The texts, being released by lawmakers and reviewed by US media, include a July 2016 exchange in which Strzok and Page mock Congress as "less than worthless and "utterly contemptable" amid lawmakers' questioning of then-FBI Director James Comey over his suspected leniency in the Clinton email server case.
Strzok, who was removed from his position in the ongoing investigation led by special counsel Robert Mueller into Russia's alleged meddling into US election last year, also gloats in the newly revealed texts about Comey's ability to keep cool amid questioning about why he decided not to seek criminal charges against Clinton.
"God he is SO good," Strzok wrote. "I know," Page replied. "Brilliant public speaker. And brilliant distillation of fact."
Other texts, including Strzok's disparaging characterization of Virginia residents who voted against Democrat Jill McCabe's bid for a State Senate seat as "ignorant hillbillys (sic)," further showed the extent of the FBI employee's partisan bias.

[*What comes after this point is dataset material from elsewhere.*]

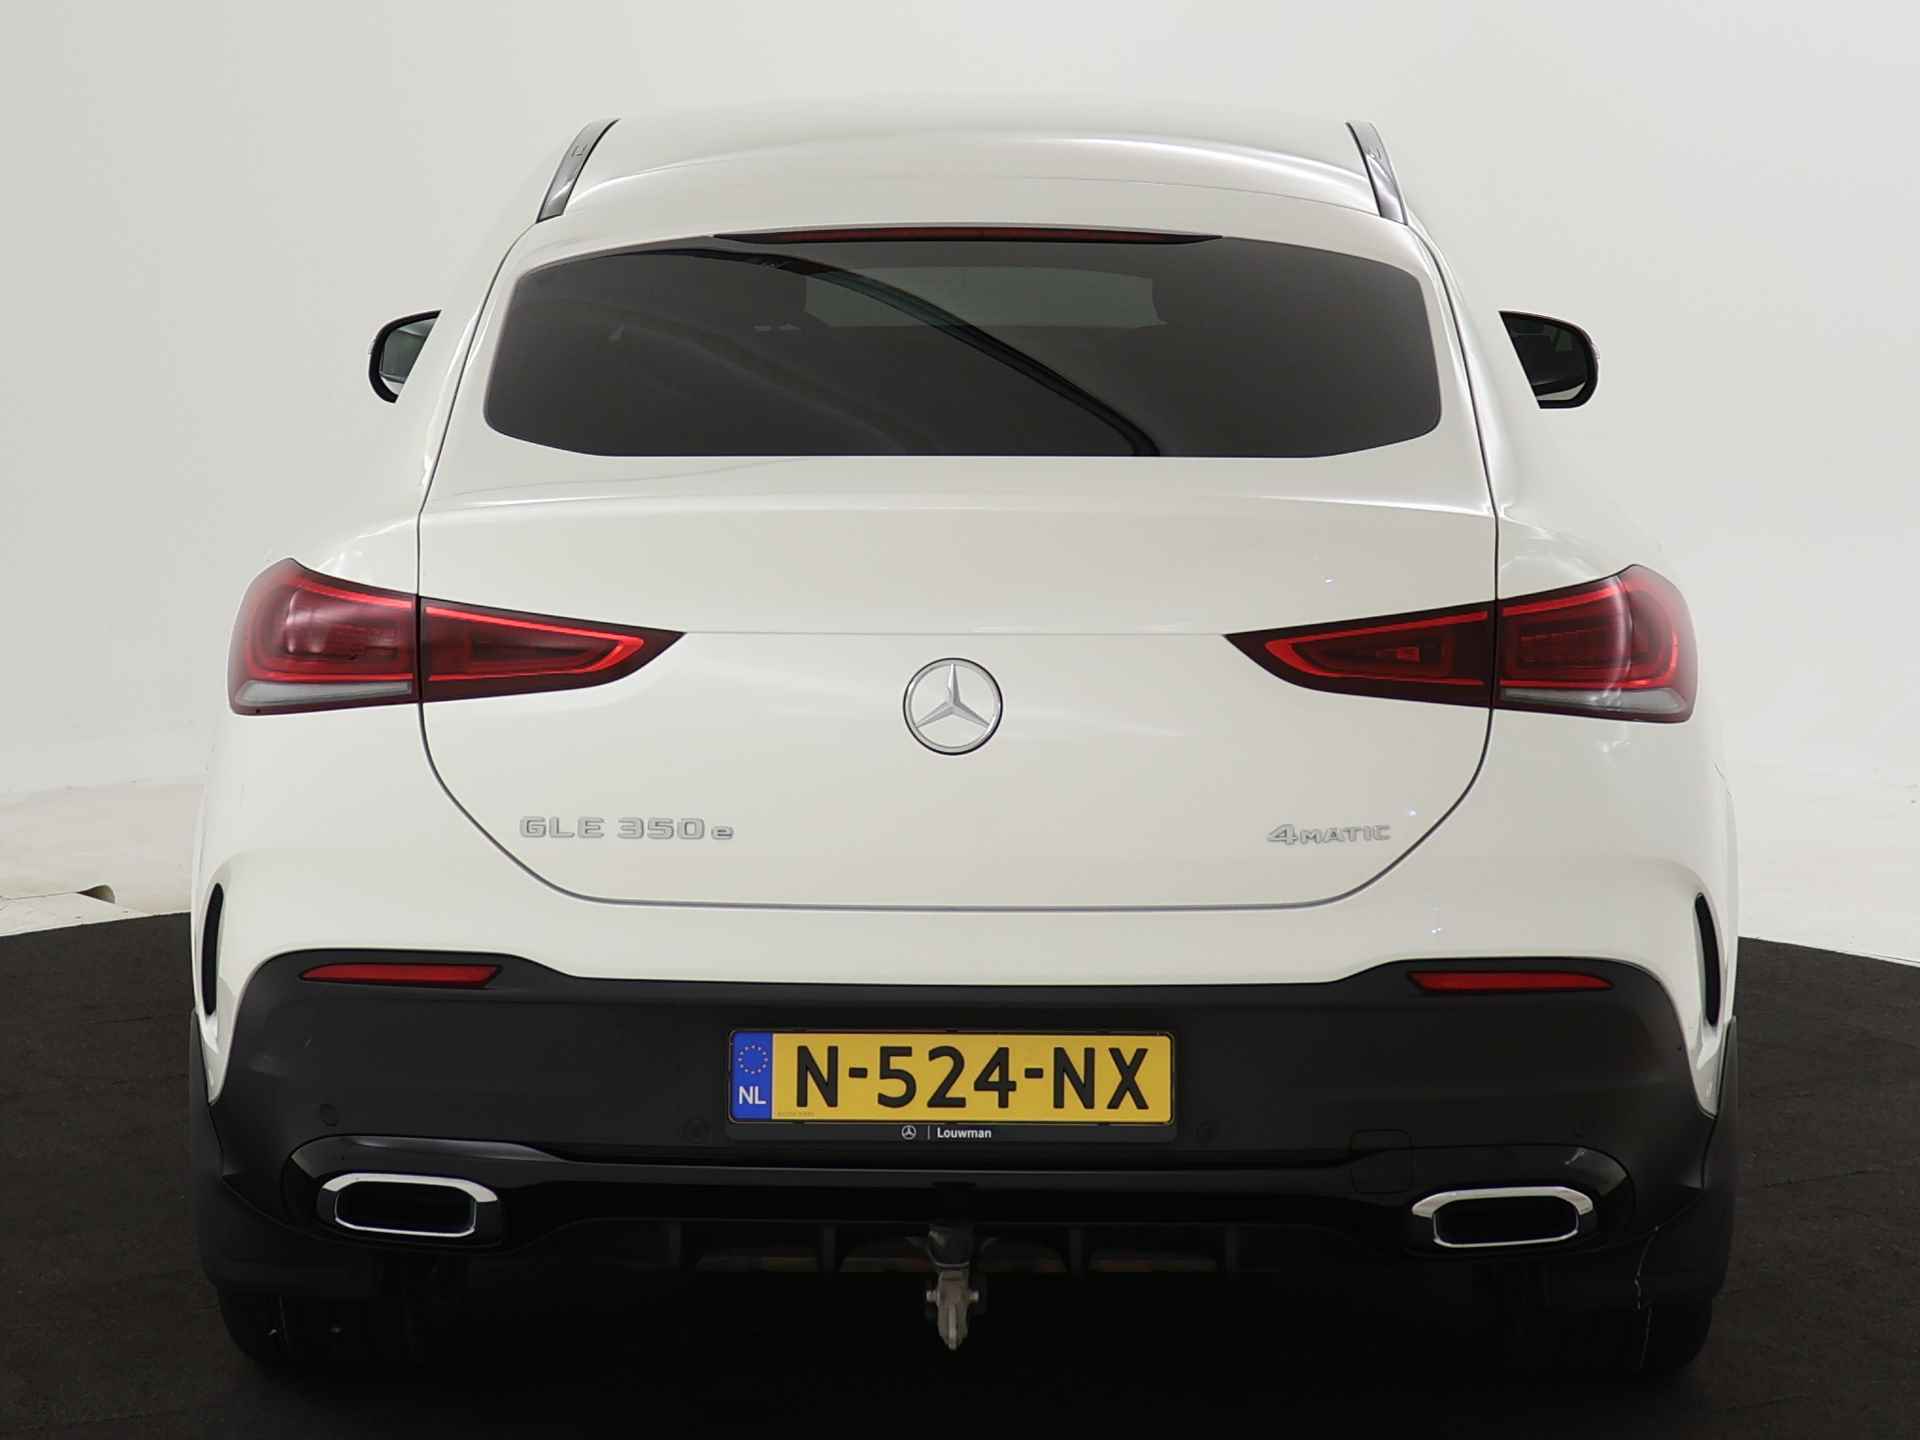 Mercedes-Benz GLE 350 e 4-MATIC AMG Nightpakket Limited 5 spaaks lichtmetalen velgen | Trekhaak | Airmatic | Treeplanken | Alarm klasse 3 |  Augmented Reality | sfeerverlichting | DAB | Parking support | inclusief 24 maanden MB Certified garantie voor europa - 29/45
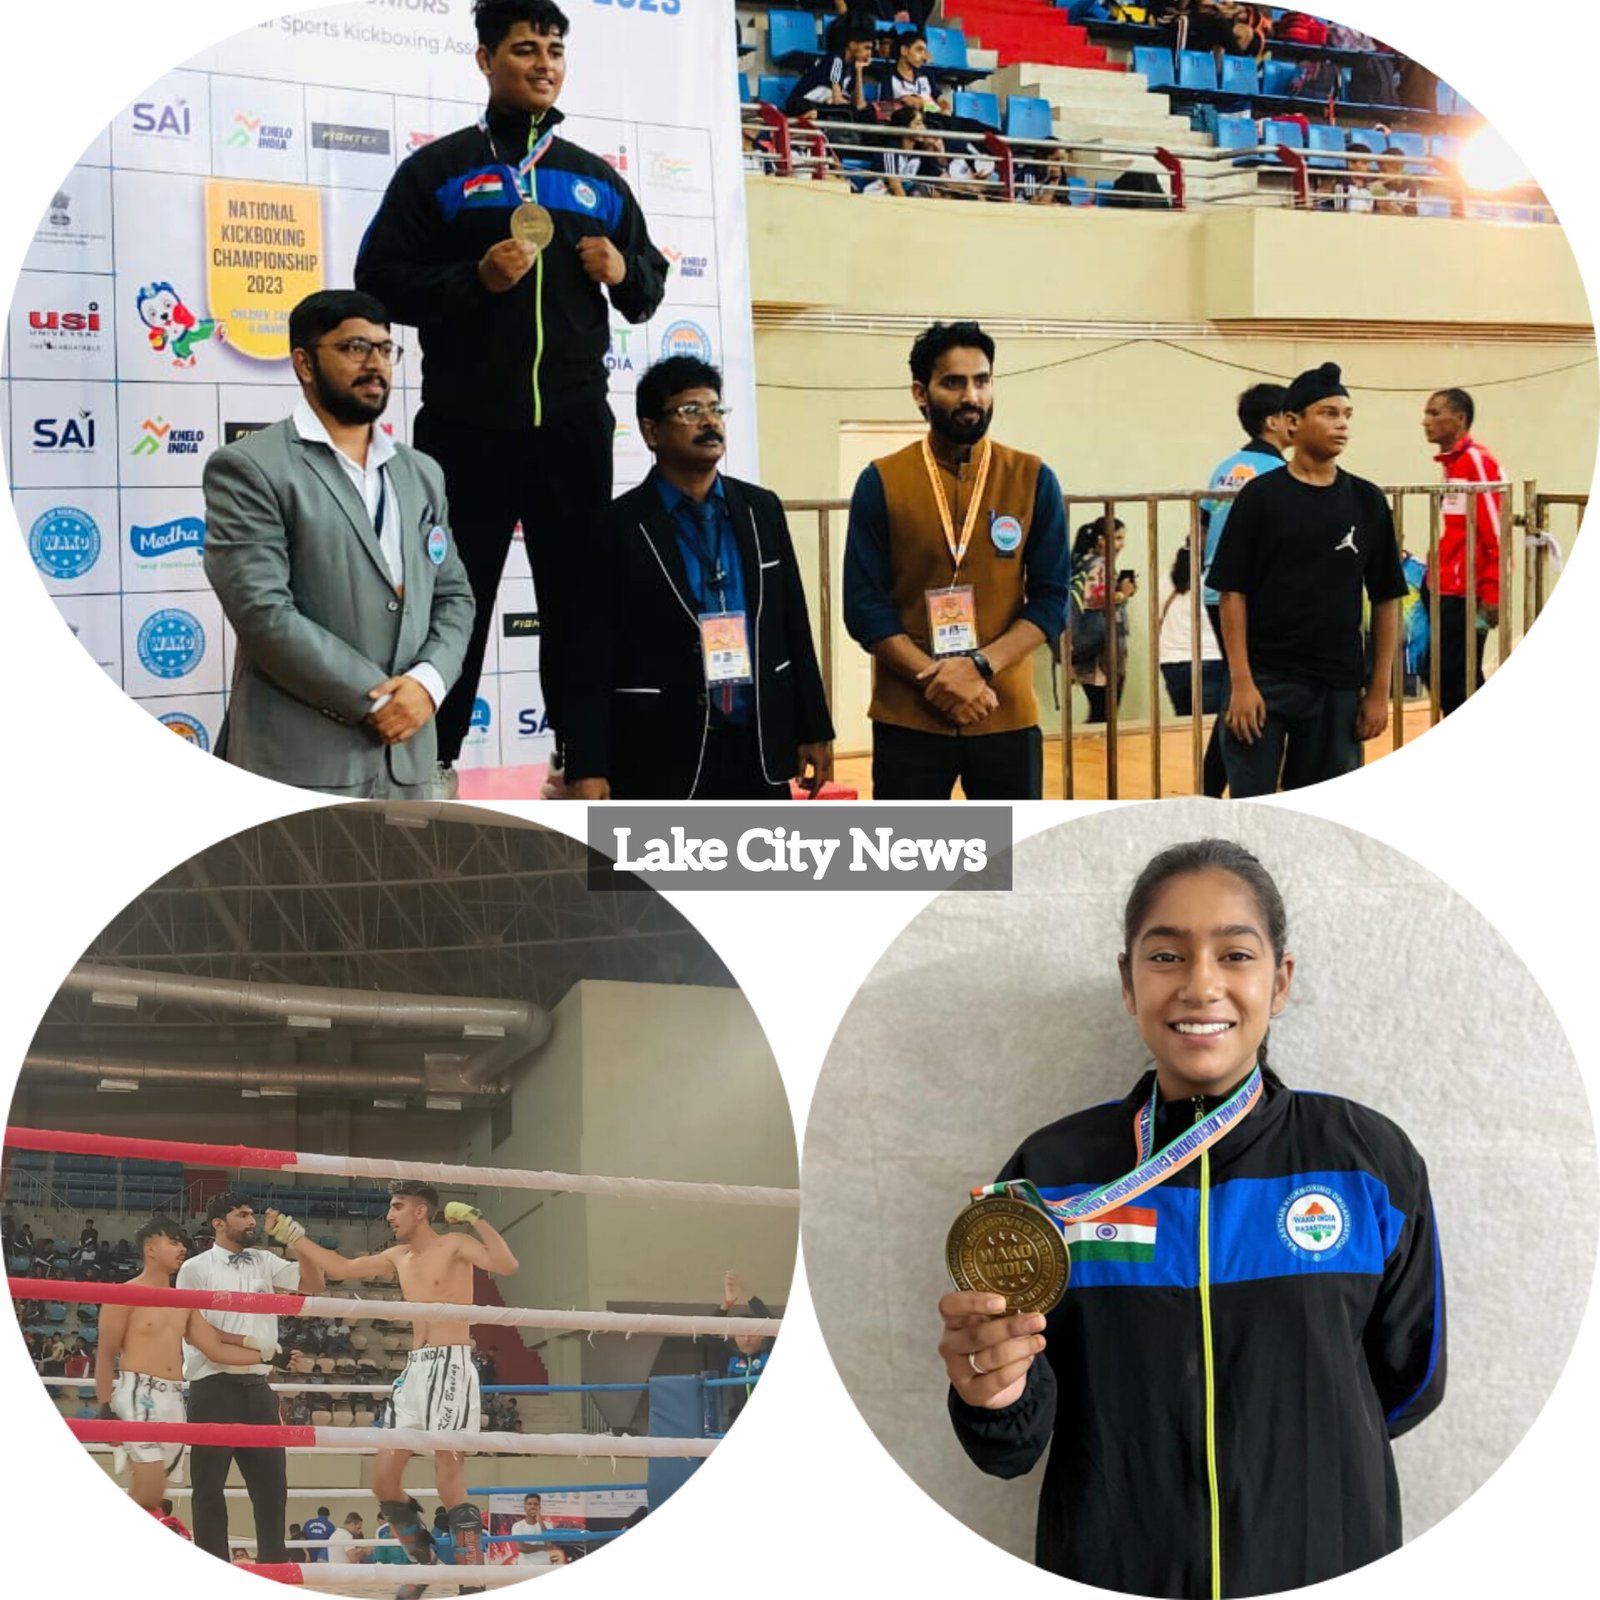 राष्ट्रीय किक बॉक्सिंग चैंपियनशिप में उदयपुर के खिलाड़ियों ने जीते तीन स्वर्ण व चार कांस्य पदक

Page and Strzok, engaged in an extramarital affair over a period of several years, came under fire in late 2017 after a series of text messages, including one in which they called Trump a "loathsome human" and an "f***ing idiot" were made public. In addition to their criticisms of Trump, the FBI employees had attacked whistleblowers such as Julian Assange and supporters of Bernie Sanders, and showed extreme sympathy for Hillary Clinton. President Trump has described the texts as 'treasonous.' In addition to revealing the level of bias in the Clinton probe, the texts have given Republican lawmakers ammunition against the Mueller probe's suspected bias against the president.